Estivemos a curtir um bocado dentro do carro e ela trouxe-me a casa. Despedimo-nos, ela foi-se embora e eu entrei. Fui para o meu quarto, despi-me, vesti o pijama, liguei o despertador e deitei-me na cama.
Fecho os olhos e começo a recordar a noite de hoje. Que noite mais doida, mais estranha e mais perigosa que eu alguma vez tinha passado. Espera aí esquecemo-nos de uma merda. Ainda há uma prova que nos pode incriminar. Isso mesmo. Grande merda. E se o Gazela perdeu a chave dentro do armazém? Se a judite a encontrar pode chegar até ao carro do Lim. Está certo que para todos os efeitos o carro estava parado no parque na altura do roubo. Mas como ninguém viu o carro em que fomos, podem na mesma incriminar o Lim. Ele não consegue explicar como é que a chave dele foi aparecer dentro do armazém. O melhor é ligar ao Lim.

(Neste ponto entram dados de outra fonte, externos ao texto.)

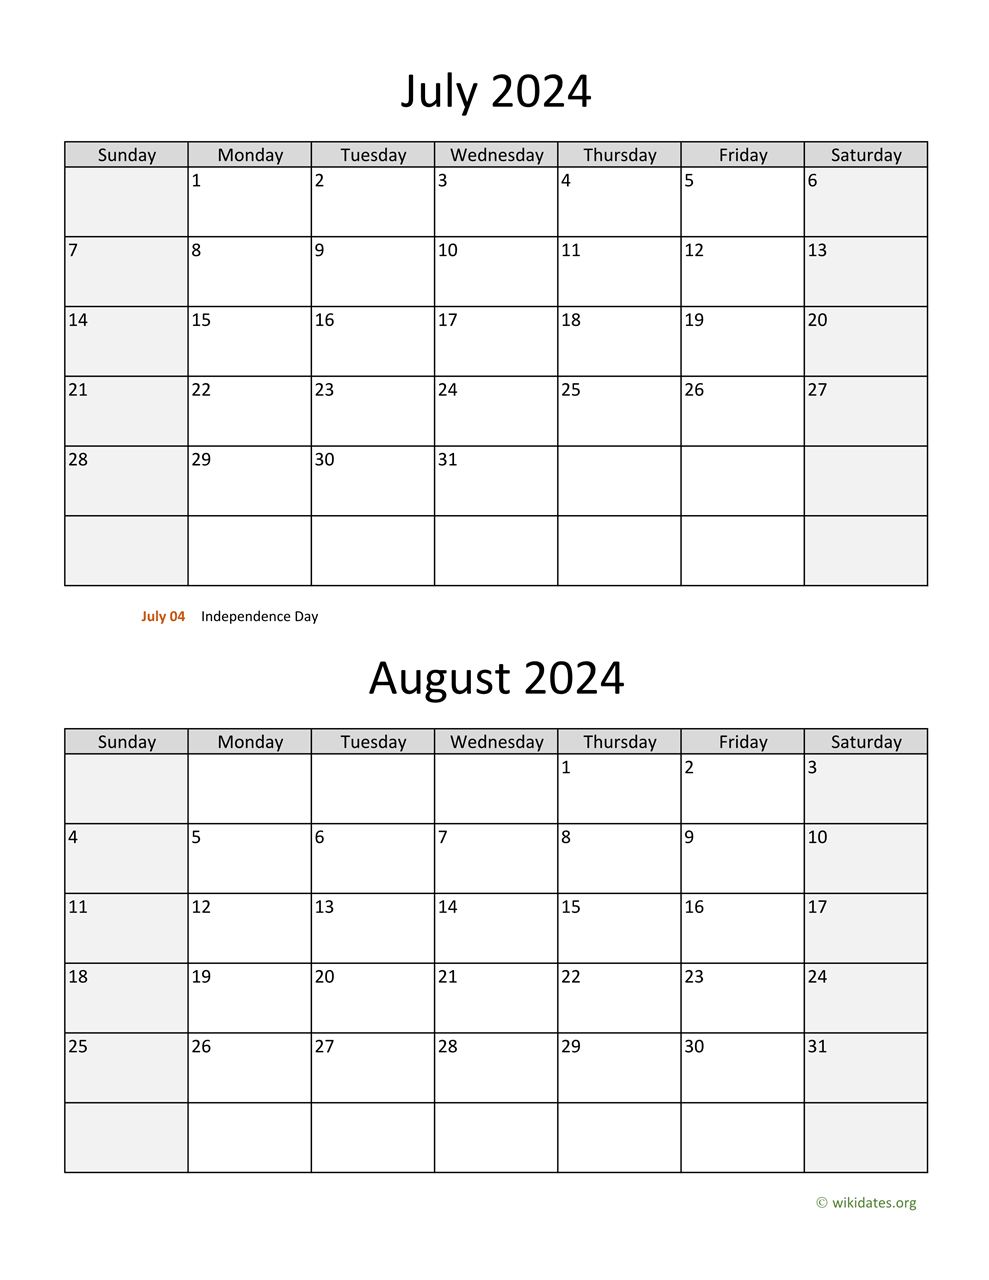 July And August 2024 Calendar | Wikidates for July August 2024 Calendar Printable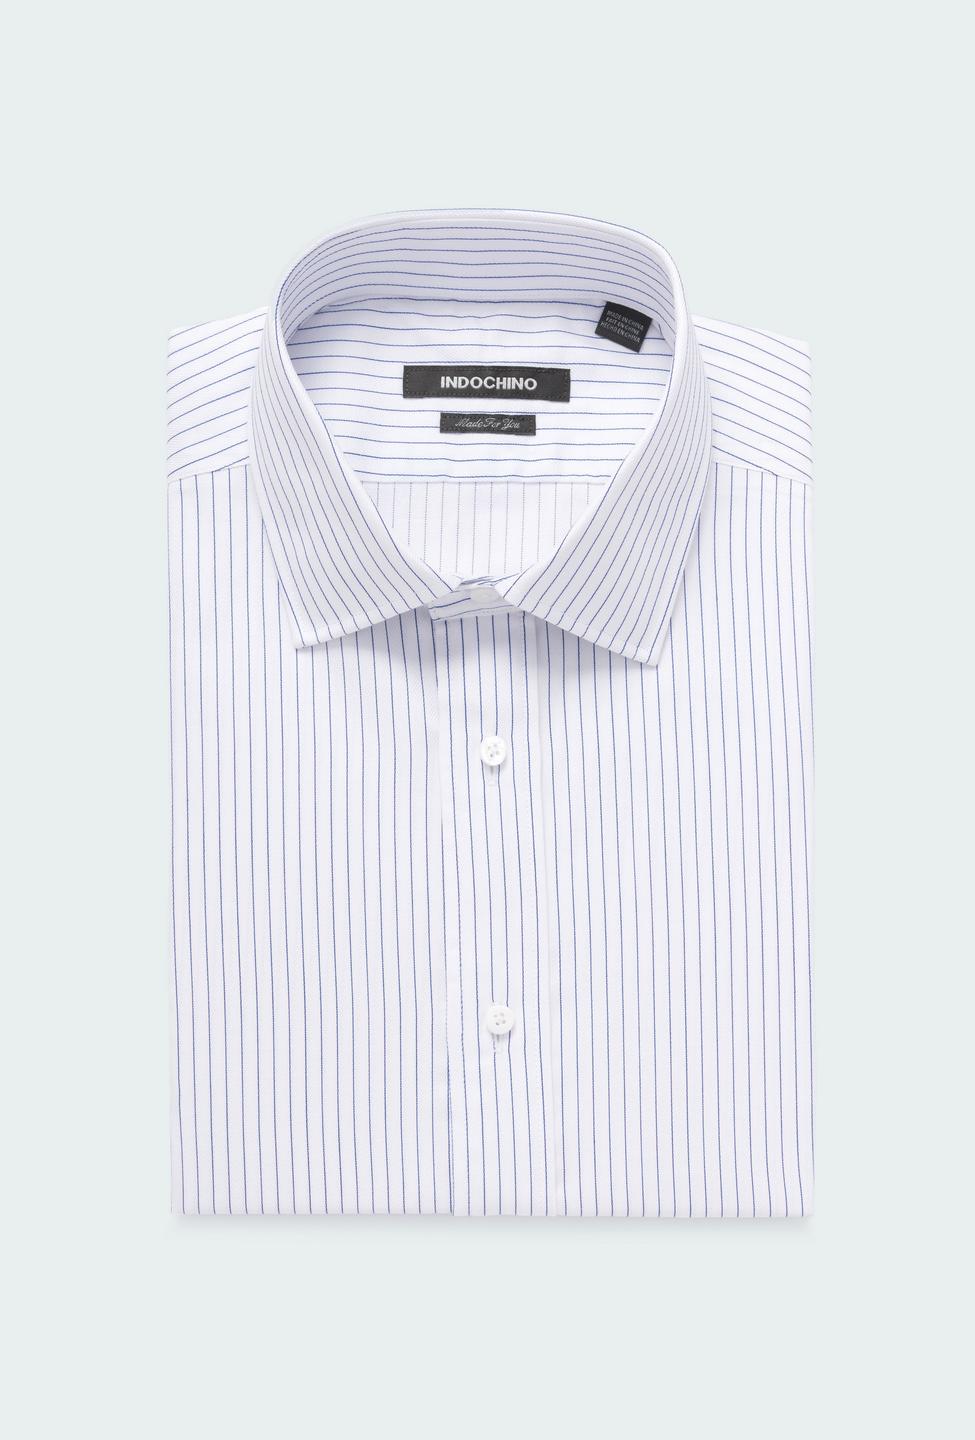 Blue shirt - Denton Striped Design from Seasonal Indochino Collection

Ligo para ele, mas o telemóvel está desligado.
O melhor é ligar-lhe amanhã de manhã, o mais cedo possível. Também tenho que descansar um pouco e já é muito tarde. É isso mesmo, mais vale dormir um bocado.
9:00h – Casa dos meus Pais
Pipipipi! Pipipipi! Com um gesto rápido desligo o despertador. E permaneço deitado sem abrir os olhos. Começo a lembrar-me daquela cena da chave que o Gazela perdeu. Iá, tenho que avisar o Lim.
Marco o número dele, mas o telemóvel continua desligado. Porreiro. Vou dormir mais uma horinha para ficar fresquinho. Torno a ligar o despertador e volto a adormecer.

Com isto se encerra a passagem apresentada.